I loved E.T. and was so thrilled to have this lunchbox. Little did I know that since I was in sixth grade, it was now officially uncool to have a lunchbox at school. I was only one of three nerds who still carried one. All the cool kids were now brown bagging it. I had crossed the invisible line from childhood to preteen. In fact I did not even realize this until my mom came home from conferences midway through the year, with the news that another parent had told her "Lunchboxes are uncool now." That is how uncool I was, that I had to be told by my mother that lunchboxes were uncool. (Of course I was also one of only two sixth graders who was not yet wearing a training bra, a fact realized by the entire female half of the class during scoliosis check in the principal's office, and I also was forced to wear, for the better part of that year, glasses that were literally held together by black electrical tape, but we'll leave that for another time).

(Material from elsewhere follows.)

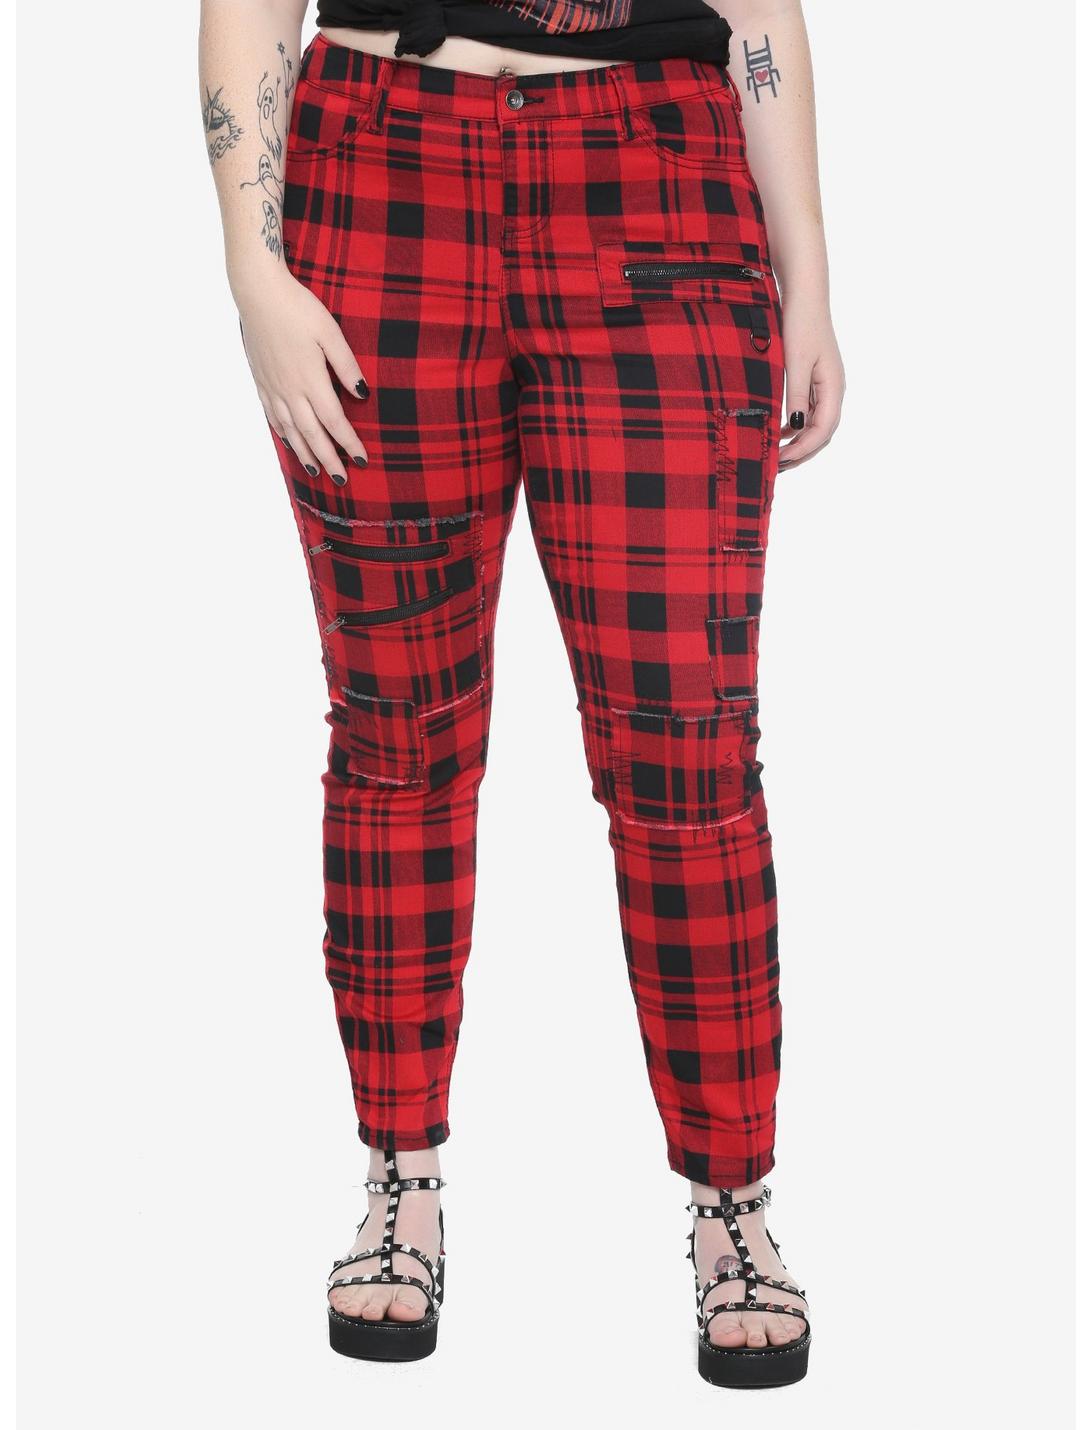 Blackheart Red & Black Plaid Super Skinny Pants Plus Size, RED, hi-res

I was really embarrassed about the social gaffe I had committed, and the lunchbox took on a sort of taint after that. I no longer wanted to carry it. And yet, I felt a loyalty to E.T. and all the true passion I had felt for him, how I had cried when I thought he was dead on that riverbank. In my heart I knew that the lunchbox was cool, no matter what the other kids thought. And so, as I kept bringing it to school every day for the rest of that whole social nightmare of a year, the E.T. lunchbox came to symbolize my own brand of iconoclasm. Despite the fact that I now loathe Spielberg's sentimental Hollywood schmaltz, I still love the lunchbox and keep it safely in my brother's basement amongst all my treasures of childhood.